I will start out by saying I’m just not a hugger. It’s not that I’m somehow neurotic, anti-social, snobby or anything obsessive, just never did. I’ve been taking grief about that for years. Yea, I guess that I am somewhat conditioned. I spent 20 years in the corporate world. Hugging is not an acceptable part of corporate culture, or military where I spent 29 years. A firm hand-shake and steely eyed look in the eyes was considered to be entirely proper and sufficiently familiar.
Not so much in church culture, heck it’s even a quickly referred to topic in seminary. So apparently it’s a generally practiced gesture. My perspective is why would some sweet little lady want an ugly, gnarly ape like me putting my arms around her? Granted it’s become acceptable with guys in the church, but frankly my angle on that is that most guys would also prefer not. Yes, we should be family, more familiar with each other in a church environment. Certainly in those times of emotional distress physical comfort is often more therapeutic than anything I could say to that person, but for the vast majority of time not, in my opinion how you want to go. As I said it’s never a statement on the other person, it’s more about me thinking why would this person want this big, ugly guy that close? I have no problem with pats on the back, shoulder squeeze, physical contact is sometimes helpful in a bad situation. Non threatening touch often helps people come back to reality. So I don’t have some touch phobia. In a way I just have a problem with what I see are gratuitous gestures.

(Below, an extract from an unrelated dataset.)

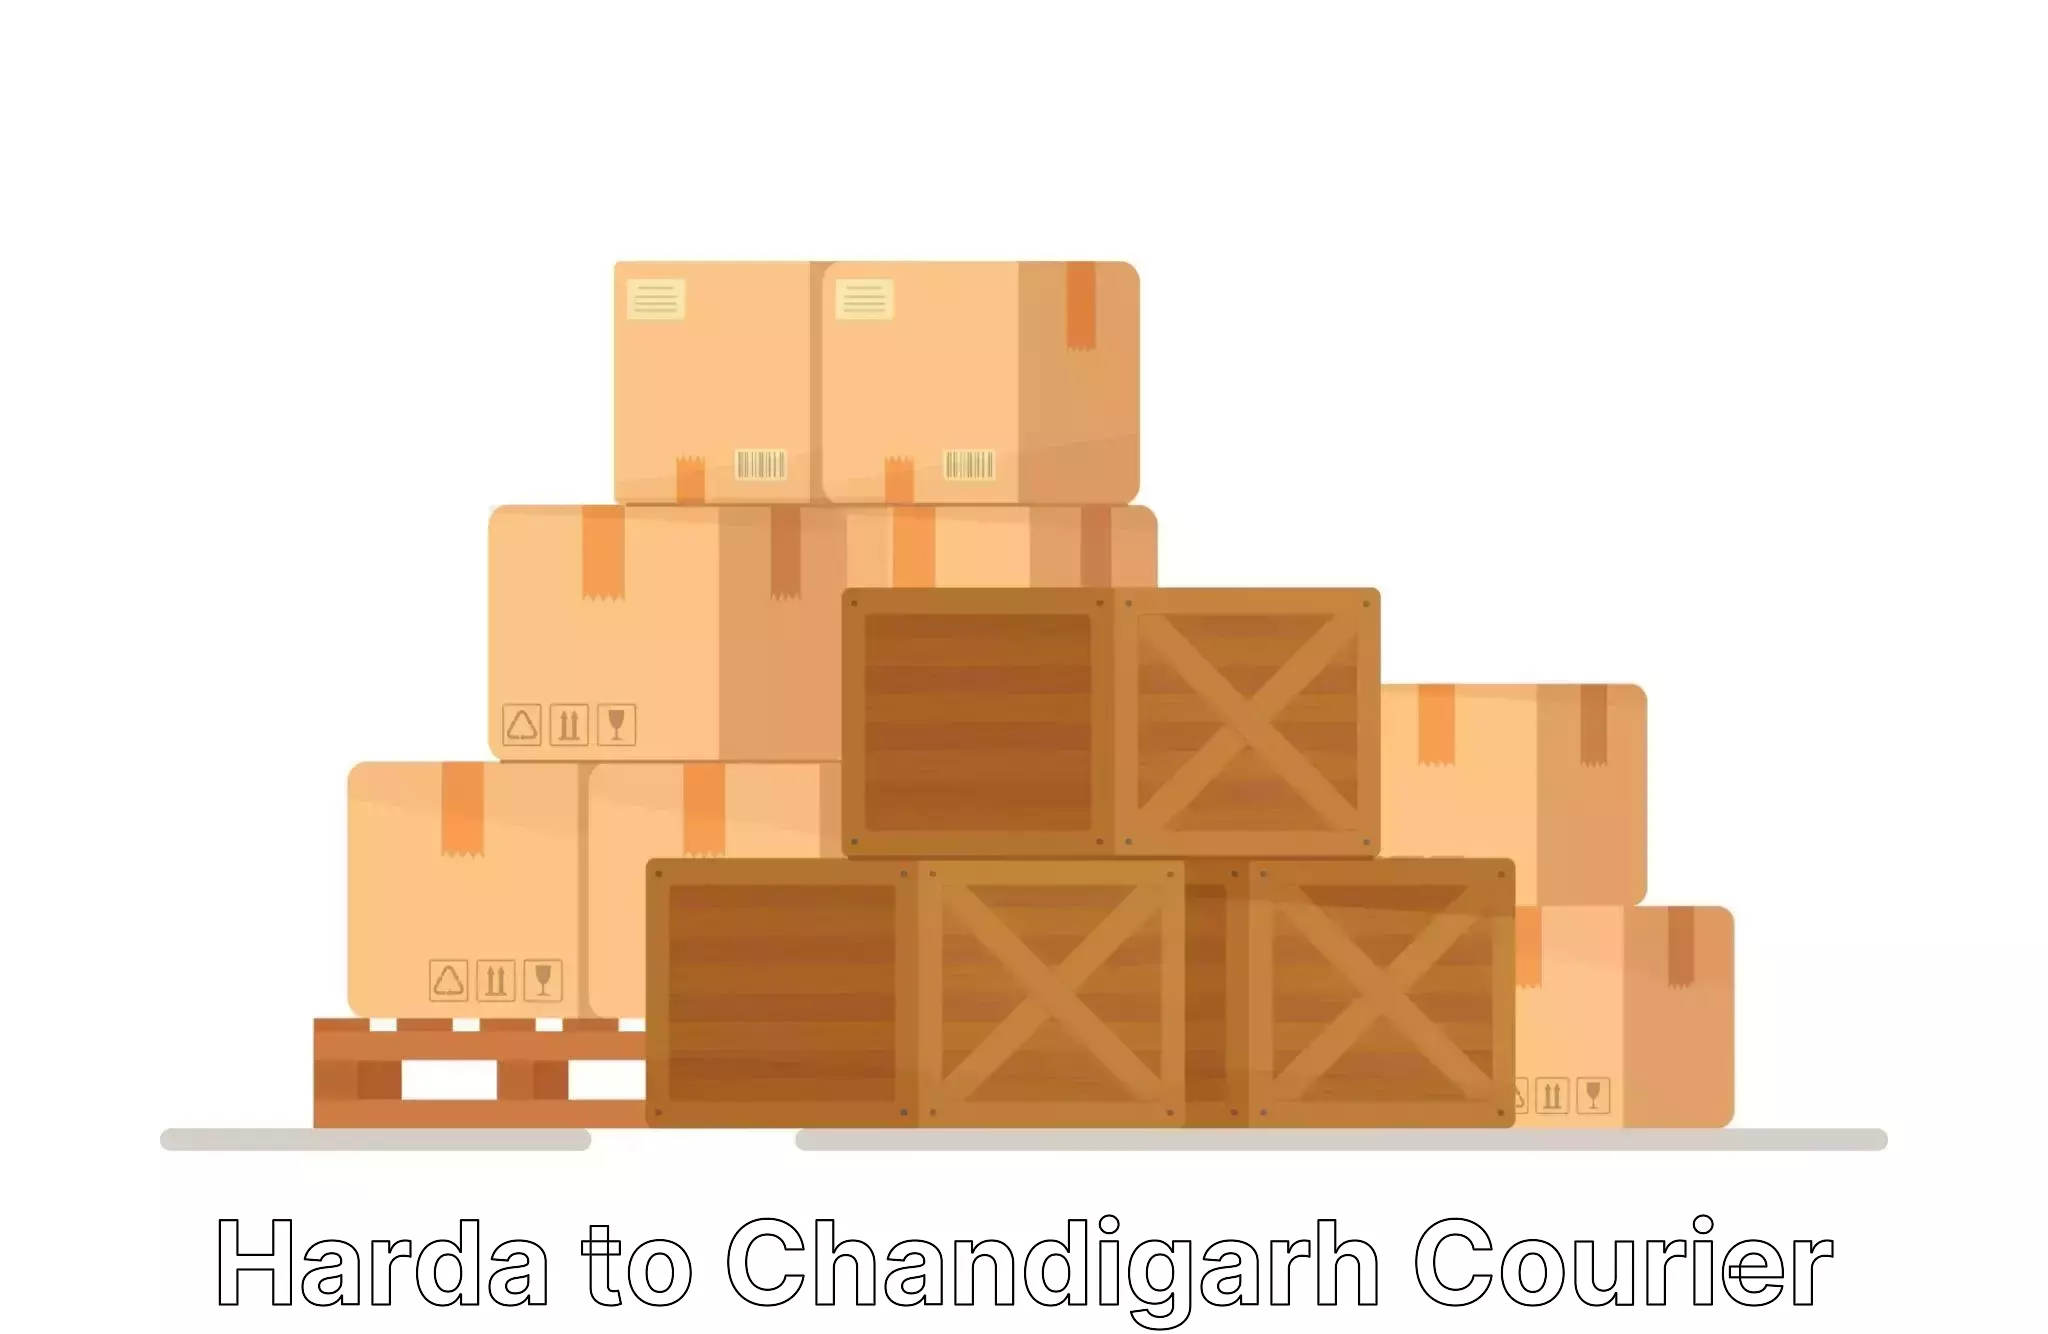 Home relocation experts Harda to Chandigarh

I guess I just have a bashful outlook on hugging, there are way too many that have what borders on hysteria towards it. There are way too may out there who are sure that everyone is somehow out to abuse them, I just really don’t want to give someone like that any impetus to irrationally lash out at me.
Having said this, turns out that hugs, physical contact in general (and you know what I mean so don’t be getting all hysterical, weird and phobic on me), is very healthy, for both parties. The caveat in the article is the positive effects … only happen when “you trust and love the other person, if not, hugs can raise stress and anxiety levels.” If OK, then by all means. Since you don’t get Concordia Plan Services newsletter (Winter 2016 Vol 32 Nu 4), which is quoting a U.S. News and World report article. There have been other studies. I don’t have the reference right at hand, but it seems to have a vitally important impact on new-born babies. Hospitals go out of their way to put babies in contact with their mothers as much and as quickly as possible. Babies who went without physical contact, seemed to have physical problems, even dying. It seems to have a very positive physical impact for the baby. There are hospitals who recruit people to come in and sit with babies who can’t otherwise be held by their mother. So yes, it’s important. Within the limits of reason, trust and physical safety.
Anyway, the study shows that hugs are good for both, that there is a release of a hormone called Oxytocin that is released and promotes feelings of trust and bonding, it also influences mood and behavior. The article goes on to list other positive affects; lowers blood pressure, can reduce depression, bolsters immune system and builds up pain tolerance. Yes, it is an issue of commonsense, as always with all of God’s creation, it always seems to an issue of moderation, using the brains God gave you.
In conclusion, if I’ve somehow offended anyone, there was never any offense intended, if anything it was to spare you. However in view of the research and since it would seem to benefit both of us, I would certainly welcome the opportunity. I just hope it doesn’t end up being an issue for you.